Vi left and went out on Green Street with the intention of buying an early morning samosa. And she could have done, had not the realisation that Ramadan had started last Friday made her have a fag at the back of the car park instead. Nobody needed to see some skinny white woman eating when they were trying to be pious. Her thoughts turned to the late Abduljabbar Mitra and she found herself wondering what had possessed him to take his own life during Ramadan, when Muslims were not only supposed to abstain from eating and drinking but also from sin in all its forms. He was a religious man, so to do such a thing had to be an act of desperation. Wasn’t he afraid of God’s punishment in the afterlife, or whatever it was called? There had to have been something in this life that was even more frightening.

26

The burns on Nasreen’s legs had started to fester. She told Abdullah that she needed a doctor and antibiotics, but he didn’t appear to hear her. It was Monday morning and he said he had to go out to conduct some business before he could come back and do more work on the house.

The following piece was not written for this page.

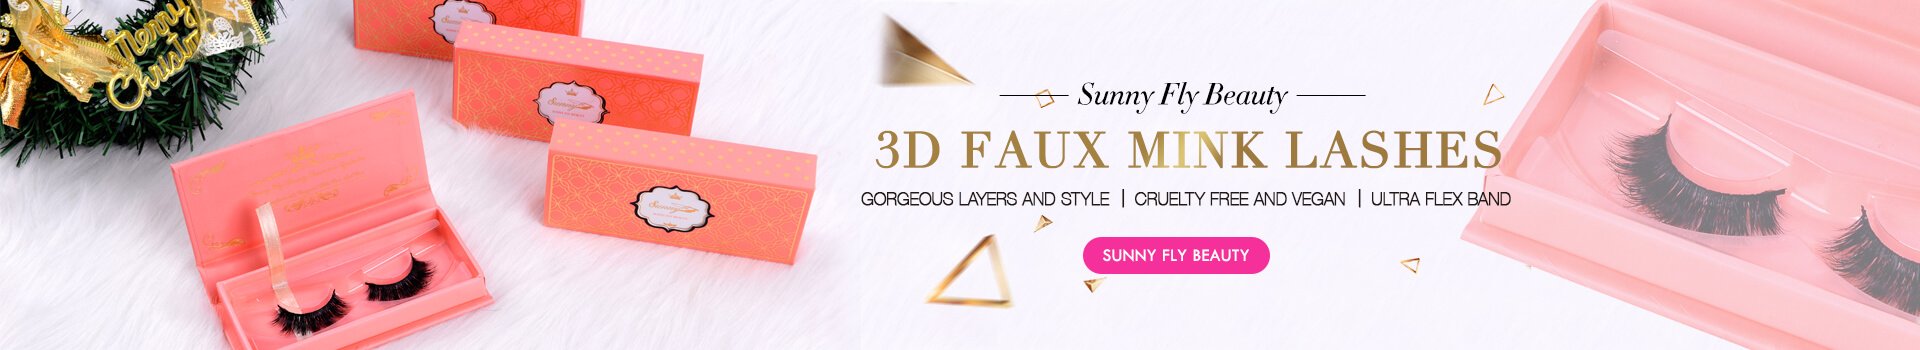 3D Faux Mink Lashes SD03

He stood over her with the handcuff ties and tried to push her arms up to the headboard, but she resisted him. ‘I can’t walk with these legs! For God’s sake let me have my hands free! I can’t do anything!’

He looked into her eyes, trying to work out whether she was telling the truth. Then he looked down at her legs and he knew that she was. He lowered his hands to his sides

‘I need antibiotics,’ she said. ‘If I don’t get them then the baby will die.’

He thought for a moment and then he said, ‘But if I get them you’ll only be able to take them at night.’

‘Why?’

‘Because it’s Ramadan,’ he said.

Nasreen gathered every iota of strength that she had and yelled, ‘But I’m pregnant, I’m allowed to eat and drink! If you don’t get them then your baby will die.’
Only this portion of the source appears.